2. The method of claim 1, wherein the weather is in proximity to a
remote portion of a planned flight path of the aircraft that is
beyond a discernable range of a crew of the aircraft.
3. The method of claim 2, wherein the weather is in proximity to
the remote portion of the planned flight path of the aircraft that
is beyond a detection range of a radar of the aircraft.
4. The method of claim 1, further comprising: receiving a signal;
and wirelessly communicating information corresponding to the
remotely captured image to the aircraft in response to receiving
the signal.
5. The method of claim 4, wherein the received signal comprises
information identifying a direction of interest, the method further
comprising: actuating a gimbal to point the camera in the direction
of interest.
6. The method of claim 1, further comprising: acquiring
meteorological information with at least one meteorological sensor;
combining the acquired meteorological information with the remotely
captured image information; and wirelessly communicating the
information corresponding to the remotely captured image and the
acquired meteorological information to the aircraft.

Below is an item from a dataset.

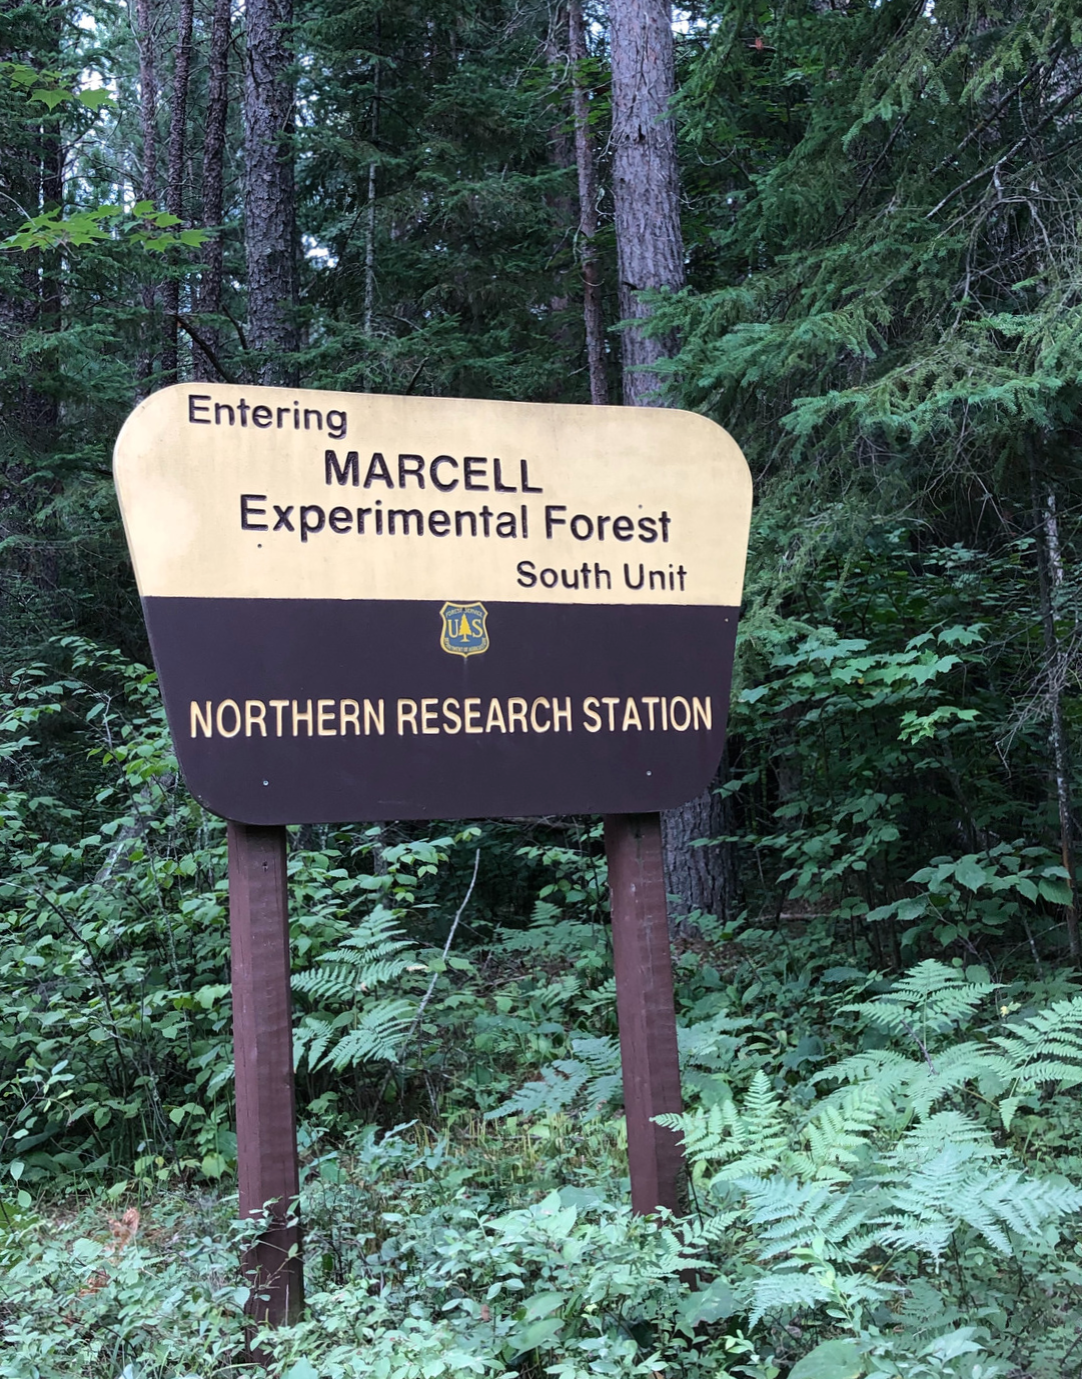 The entrance to Marcell Experimental Forest, part of the SPRUCE facility shared by the Oak Ridge National Laboratory and the U.S. Forest Service. (Photo Joel Kostka)

7. The method of claim 6, wherein the meteorological sensor
comprises at least one selected from a group consisting of a
precipitation sensor configured to detect amounts of precipitation,
a barometric pressure sensor configured to detect barometric
pressure, a wind direction sensor configured to detect wind
direction, a wind speed sensor configured to detect wind speed, a
humidity sensor configured to detect humidity, and a temperature
sensor configured to detect temperature.
8. The method of claim 1, wherein capturing the remote image of the
weather with the camera further comprises: capturing an infrared
image of the weather with an infrared sensitive camera.
9. The method of claim 1, wherein capturing the remote image of the
weather with the camera further comprises: capturing an image of
the weather at night with a night vision enhanced camera.
10. The method of claim 1, wherein wirelessly communicating
information corresponding to the remotely captured image to the
aircraft further comprises: wirelessly communicating information
corresponding to the remotely captured image to a base station,
therein the wirelessly communicated information is then
communicated to the aircraft.
11. The method of claim 1, further comprising: actuating a gimbal
to point the camera in a direction of interest.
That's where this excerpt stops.